• _Problem requirements_
Go to the line with "Οι θαυμαστές της" in the records below, then output it and each following line exactly, up to and including the line with "Đảng ủy Khối". Skip pictures and add nothing.
*** Record set Section Begins ***
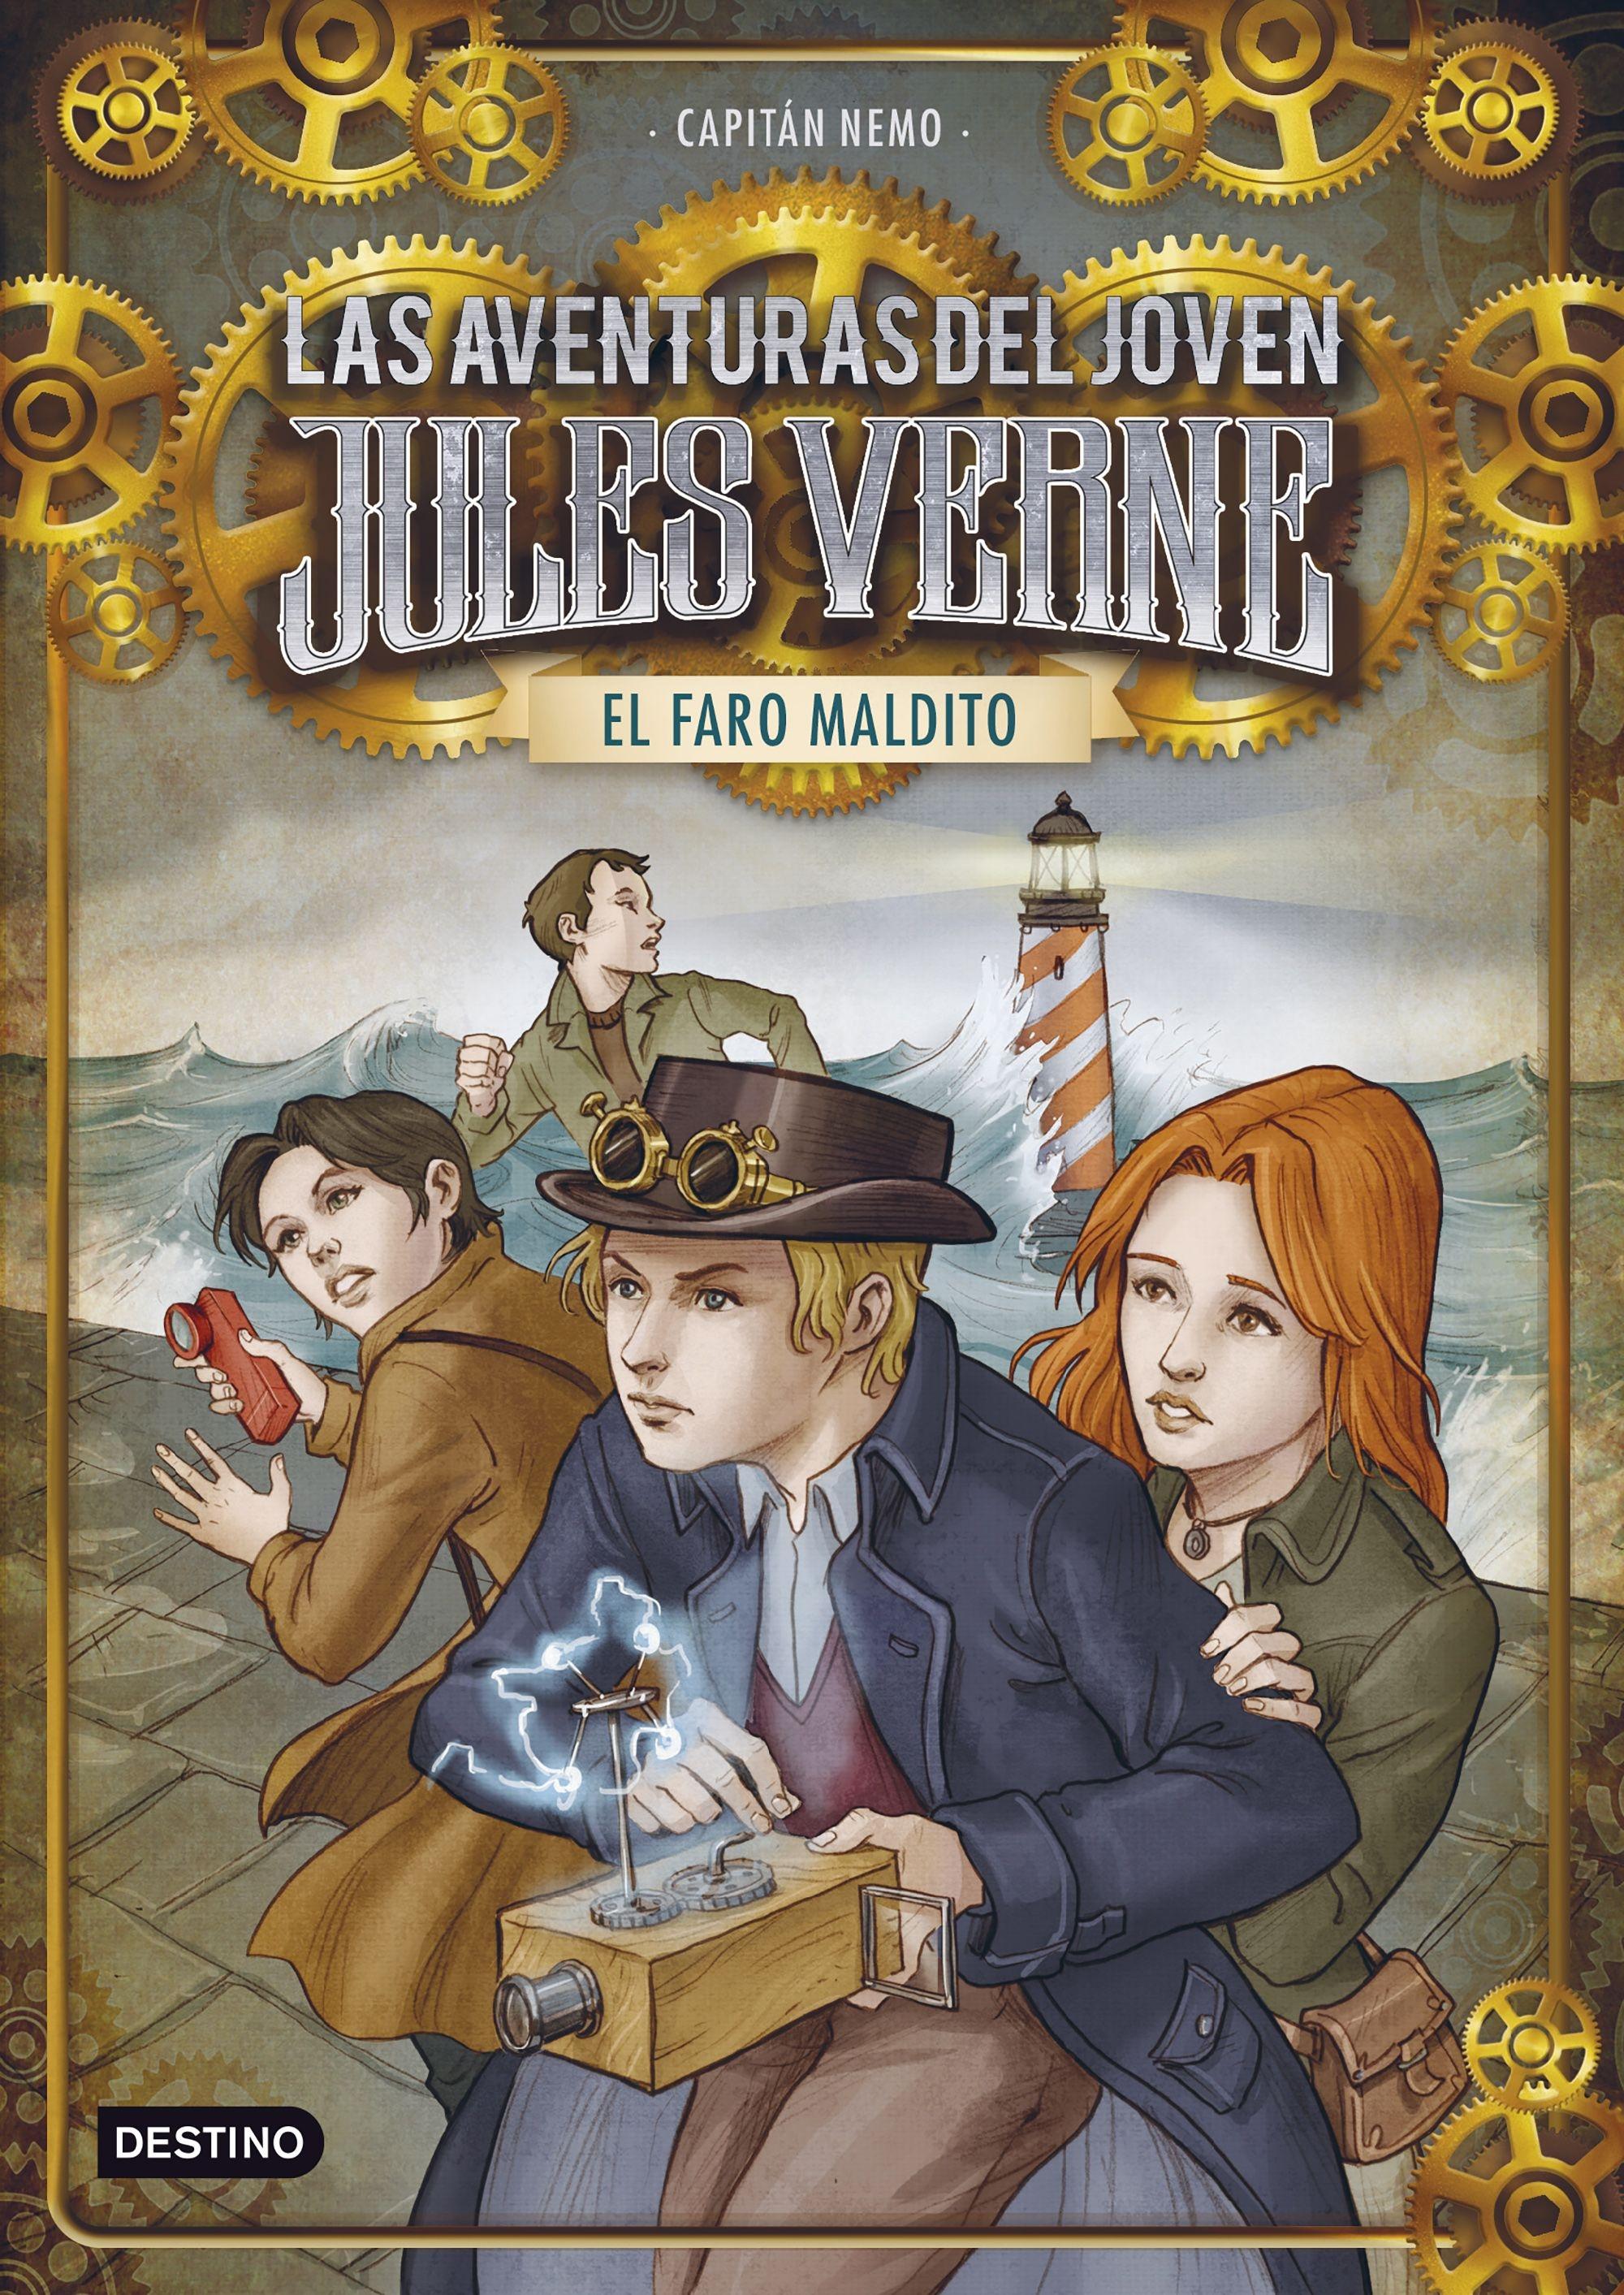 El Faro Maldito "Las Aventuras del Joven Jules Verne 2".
*** Record set Section Ends ***
*** Record set Section Begins ***
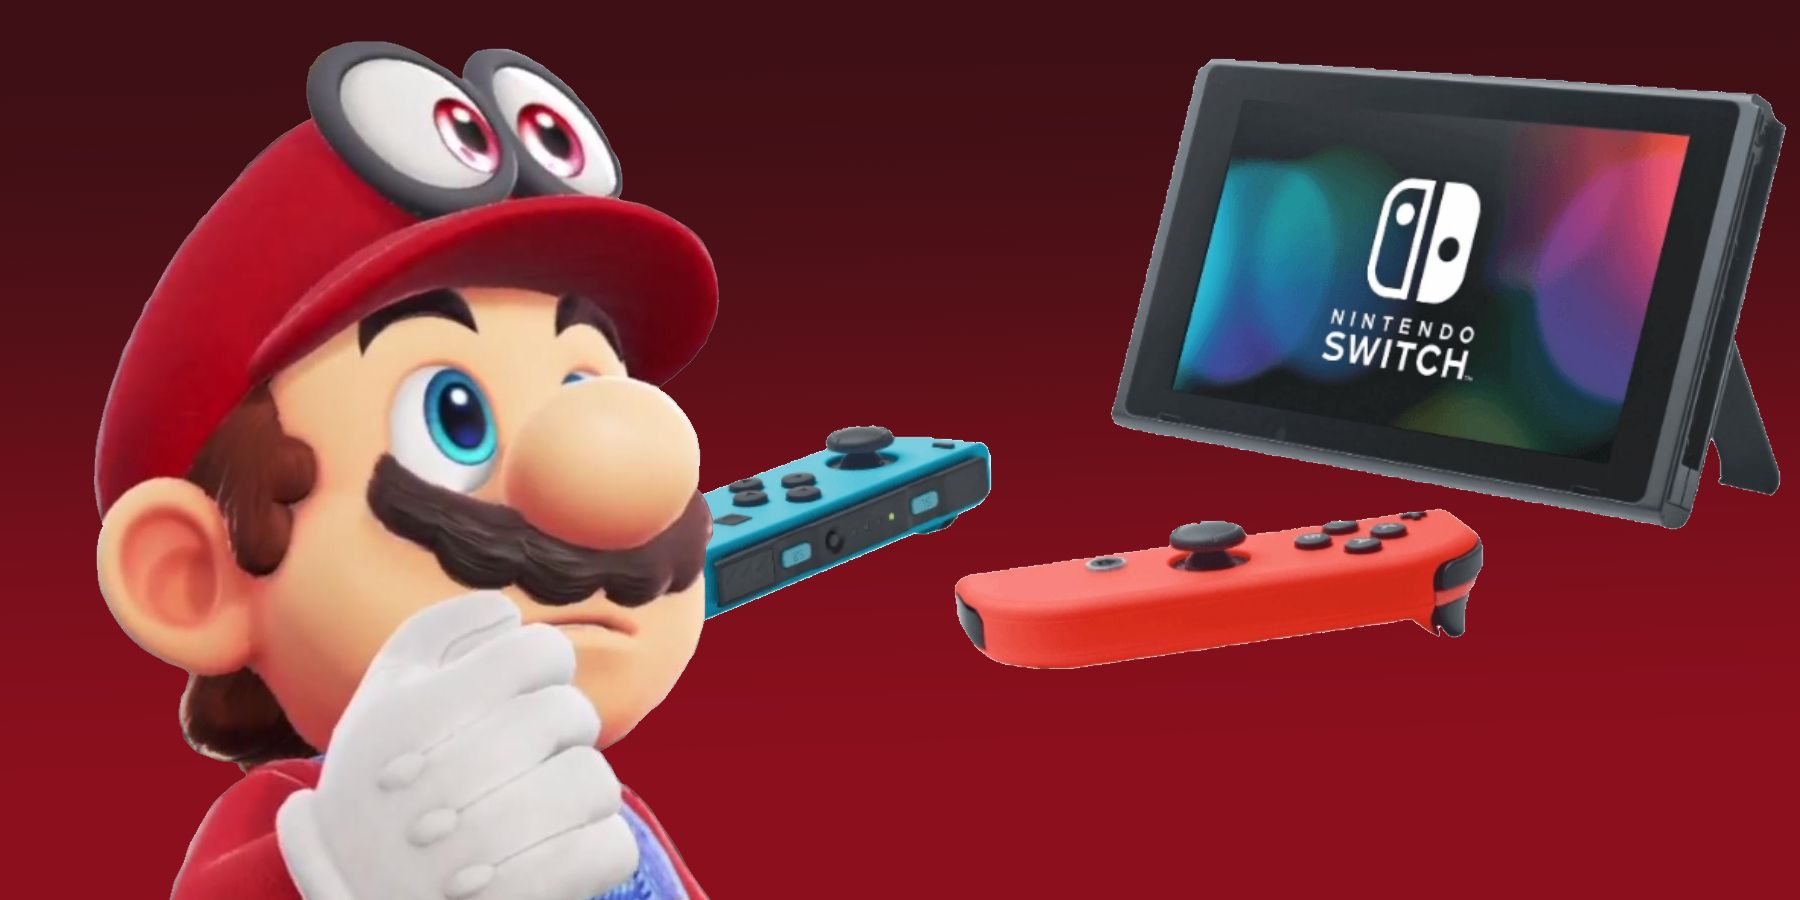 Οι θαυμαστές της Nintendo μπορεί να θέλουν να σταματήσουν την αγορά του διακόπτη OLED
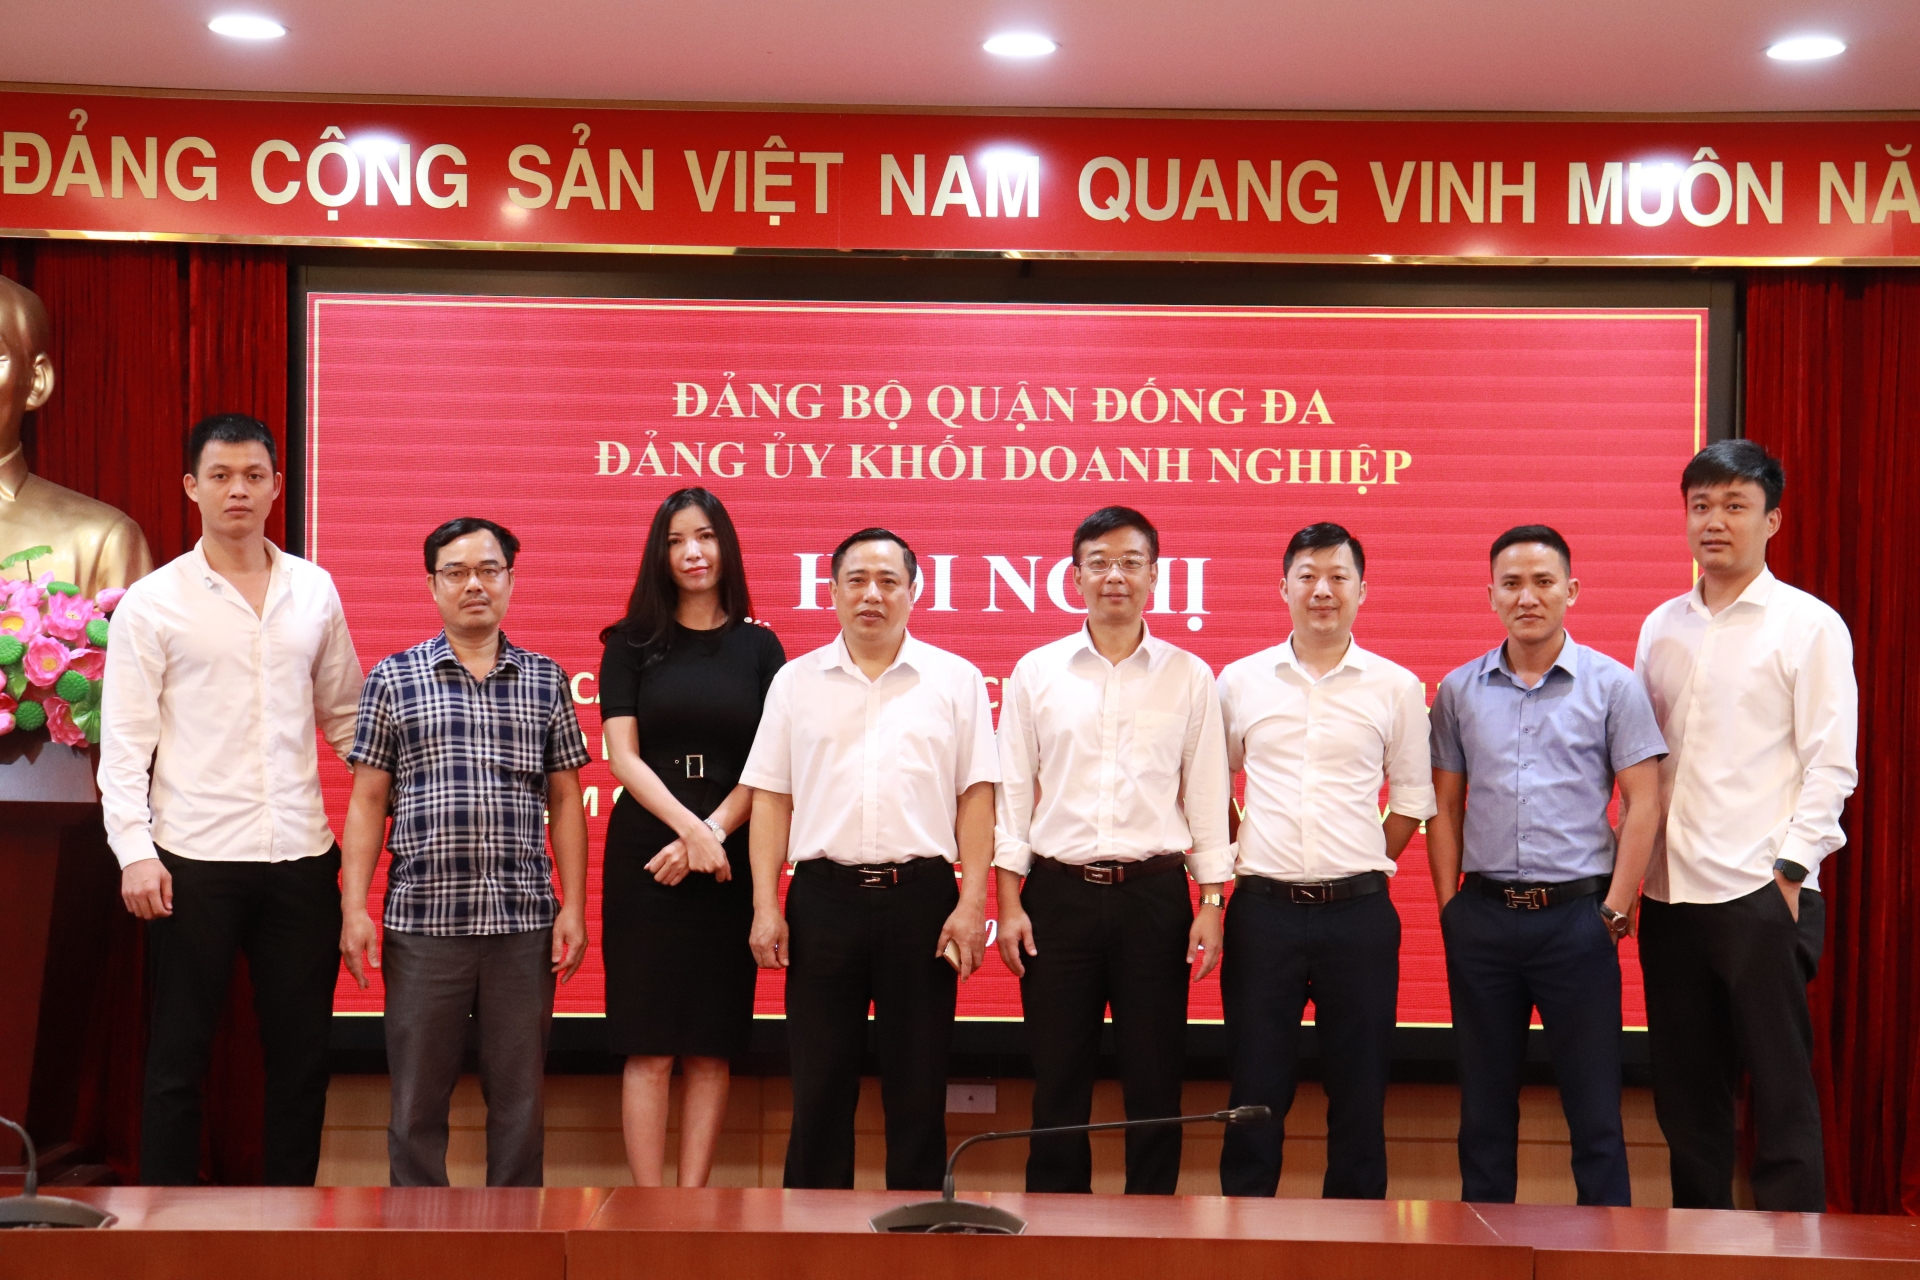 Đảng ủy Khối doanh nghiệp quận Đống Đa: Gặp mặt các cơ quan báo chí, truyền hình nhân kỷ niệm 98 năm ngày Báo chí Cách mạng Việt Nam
*** Record set Section Ends ***
• _Answer section_
 Οι θαυμαστές της Nintendo μπορεί να θέλουν να σταματήσουν την αγορά του διακόπτη OLED
 Đảng ủy Khối doanh nghiệp quận Đống Đa: Gặp mặt các cơ quan báo chí, truyền hình nhân kỷ niệm 98 năm ngày Báo chí Cách mạng Việt Nam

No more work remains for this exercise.